With much of the nation sheltering at home from the coronavirus — bringing commerce to a halt, sending unemployment skyrocketing and causing turmoil in the financial markets — the motivations to restart the economy are powerful. But Mr. Taylor of the Niskanen Center said that some conservatives were incorrectly diagnosing the stay-at-home orders as the main driver of the nation’s woes rather than the virus itself.

The administration has maintained that it can safeguard health and the environment while loosening restrictions on industry.
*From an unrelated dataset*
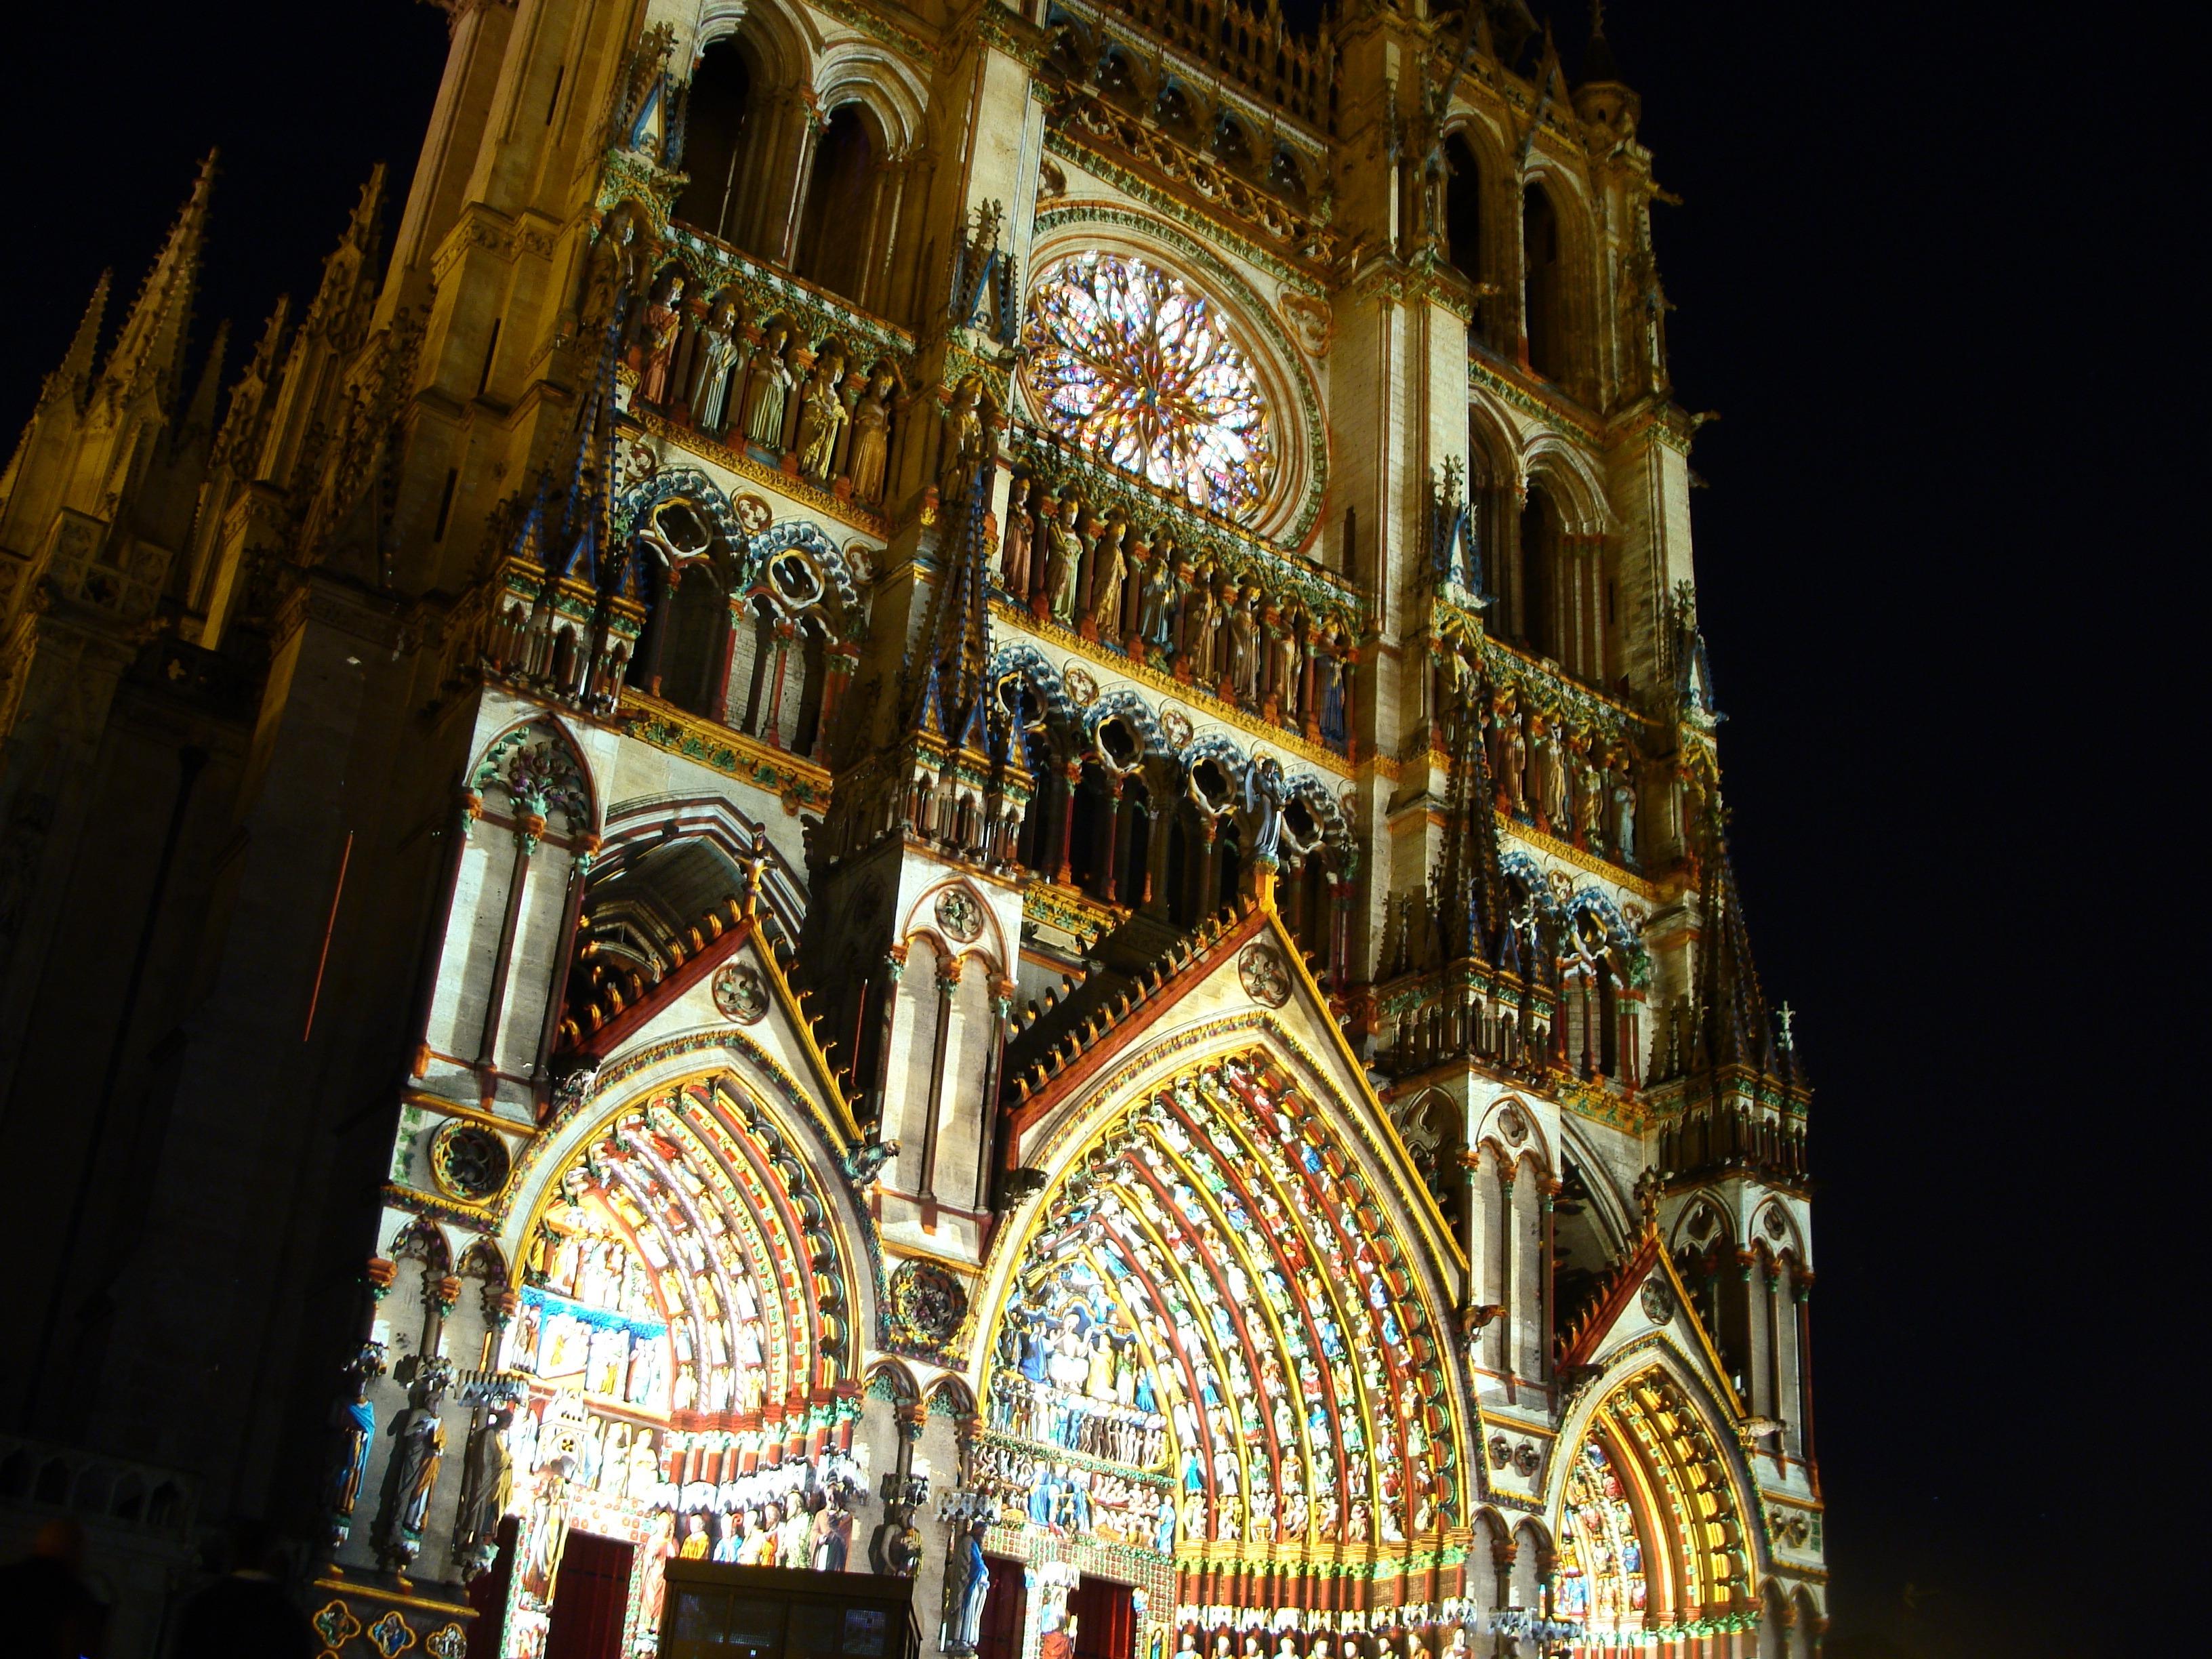 Des joyaux de l'architecture parisienne galvaudés - Page 2 Cath%C3%A9drale_d%27Amiens_en_couleurs

Andrea Woods, a spokeswoman for the E.P.A., said, “We have never ignored the science in making the very tough policy decisions required of the agency.”

The parallels between the administration’s environmental rollbacks and its coronavirus response are not exact. When it comes to the coronavirus outbreak, there is still an important counterweight to many of Mr. Trump’s impulses, most notably Dr. Fauci. Asked last week if he felt that experts at the National Institutes of Health were unable to speak their minds or oppose Mr. Trump, Dr. Fauci was unequivocal. “Absolutely no,” he said.

That stands in contrast to the administration’s approach on issues like climate change, where officials who have spoken out have found themselves sidelined.

Mr. Trump has said he “never heard” of Dr. Bright. Mr. Deere, the White House spokesman, accused critics of waging a campaign “to criticize this president for discussing anything that might provide hope to the American people.”